Thoughts on some particular technologies, kind of at random:

• I think that most of that automation is likely to involve new software, and so the size of the software industry is likely to grow a bunch. Increasing productivity in the software industry (likely via ML) would then be an important driver of productivity growth despite software currently being a small share of GDP.
• I think that cheap solar power, automation of manufacturing and construction (including manufacturing industrial tools and construction of factories), and automation of service jobs are also very important stories.
• I think that west probably could be growing considerably faster even without qualitative technological change, so part of the story may be western countries either getting out of their current slump or being overtaken.

The other part of your post is about how much qualitative change would correspond to a doubling of growth rates. I think you are moderately underestimating the extent of historical acceleration and so overestimating how much qualitative change would be needed:

• I think the US over the last 200 years is a particularly bad comparison because at the beginning of the period it was benefiting a lot from colonization. Below I talk about the UK which I think is probably more representative. I chose the UK as the the most natural frontier economy after the industrial revolution, but I expect the exercise would be similar for other countries without complications.
• Looking at growth over the last 200 years hides the fact that there was a period of more rapid acceleration followed by a stagnation. If we instead compared 1800 to 1950 we'd see a larger change in growth rates accompanied by a smaller qualitative change. So that's probably more useful if you are looking for an existence proof (and I think low levels of current growth likely make acceleration easier).

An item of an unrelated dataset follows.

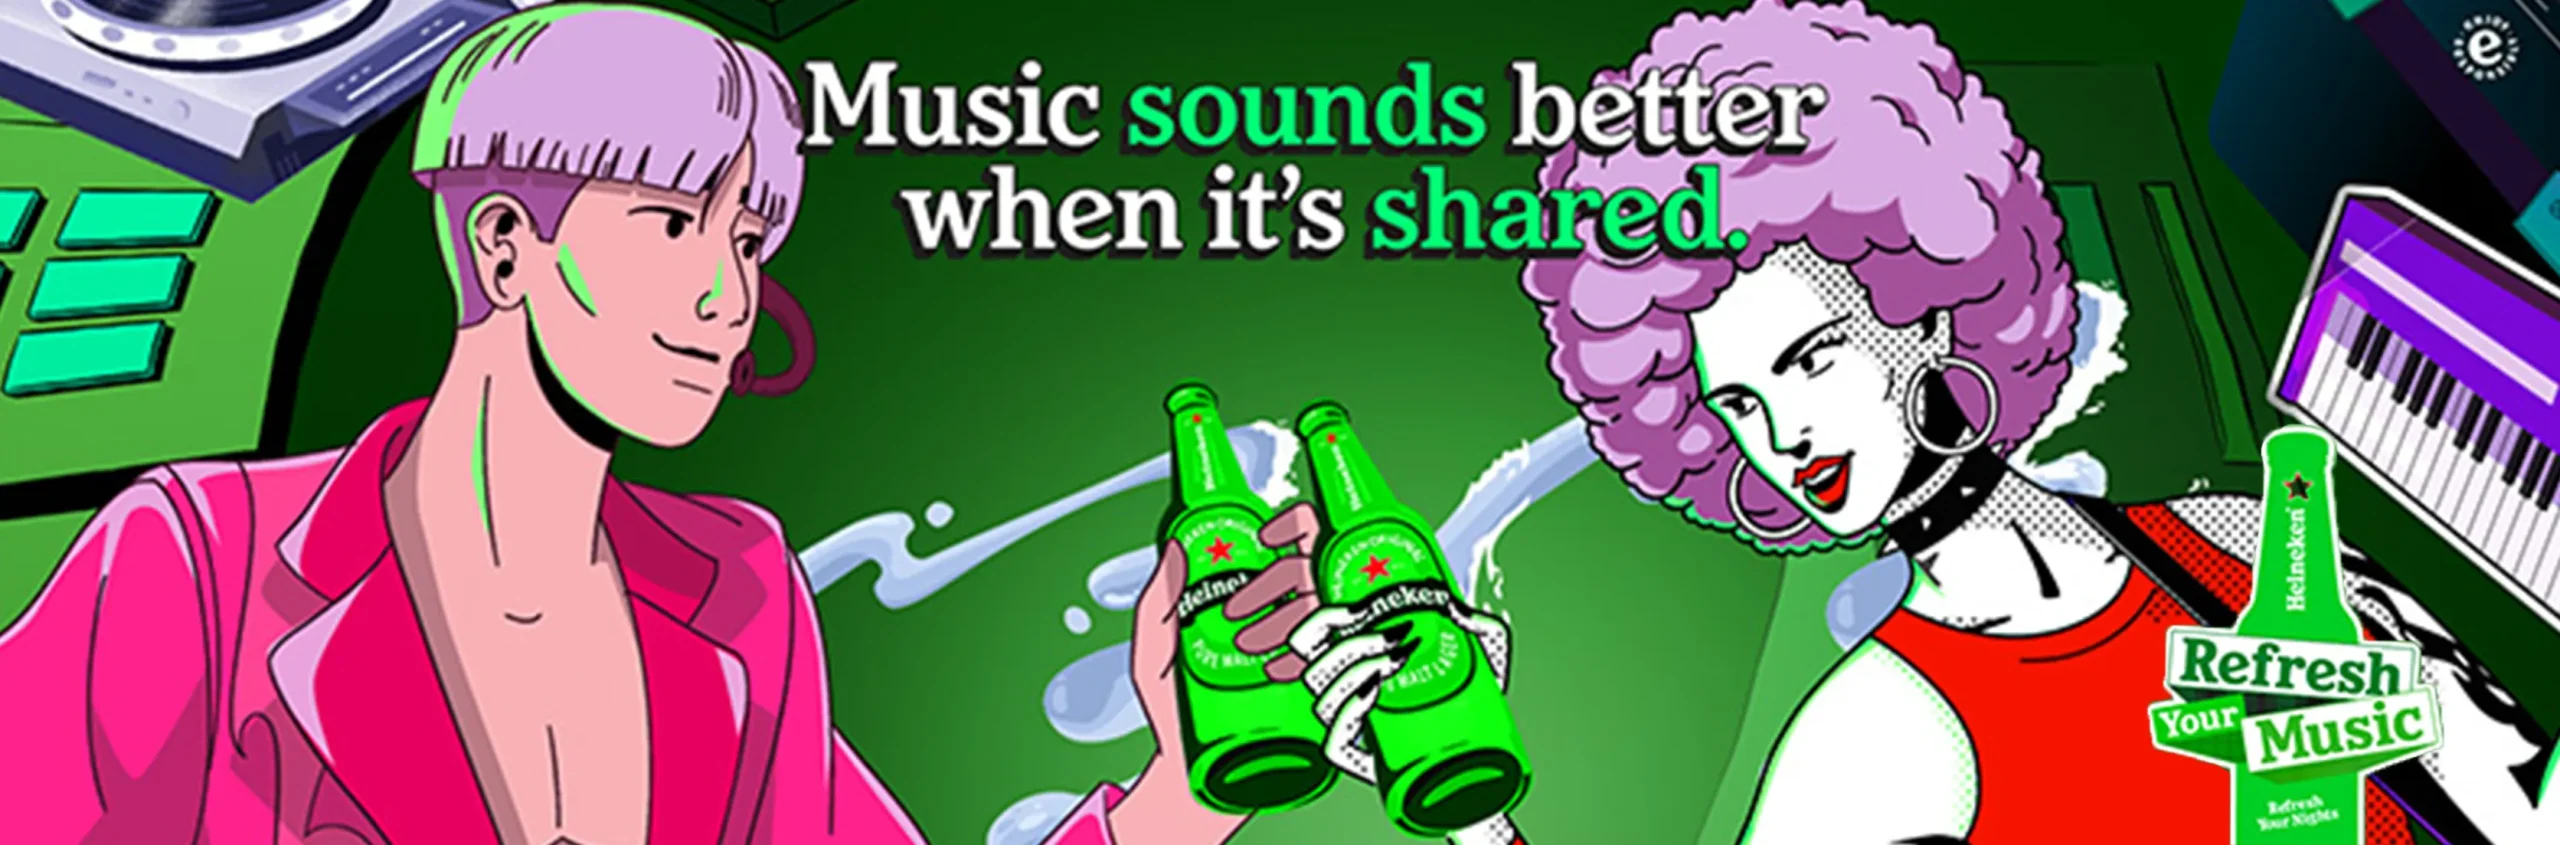 Heineken Refresh Your Music - Banner

In 1800 the US was growing rapidly in significant part because colonists were still taking new land and then increasing utilization of that land. So over the last 200 years you have a decrease in some kinds of growth and an increase in others. I don't know much about this and it may be completely wrong, but given that the US was growing so much faster than the rest of the world and that there's such a simple explanation that seems to check out, that's what I'd assume is going on. If that's right then it can still be OK to use the US as an example but you can't use raw growth numbers to infer something about technological change.

If you want to see what's happening in frontier economies since the industrial revolution then it seems more natural to use something like per capita GDP in the UK. If I look up the GDP per capita in the UK time series at Our World in Data and turn that into a graph of (GDP per capita growth rate) vs (time), I get:

So it seems to me like things really did change a lot as technology improved, growing from 0.4% in 1800-1850, to 1% in 1850-1900, to .8% in 1900-1950, to 2.4% in 1950-2000. What we're talking about is a further change similar in scope to the change from 1800 to 1850 or from 1900 to 1950.

(I don't know if there are other reasons the UK isn't representative. I think the most obvious candidate would be that 1900-1950 was a really rough period for the UK, and then 1950-2000 potentially involves some catch-up growth.)

Comment by paulfchristiano on What technologies could cause world GDP doubling times to be <8 years? · 2020-12-12T22:28:18.546Z · LW · GW

the acceleration due to the agricultural revolution was due to agriculture + a few other things maybe

This linguistic trick only seems to work because you have a single word ("agriculture") that describes most human work at that time. If you want the analogous level of description for "what is going to improve next?" just look up what people are doing in the modern economy. If you need more words to describe the modern economy, then I guess it's going to be "more technologies" that are responsible this time (though in the future, when stuff we do today is a smaller part of the economy, they may describe it using a smaller number of words).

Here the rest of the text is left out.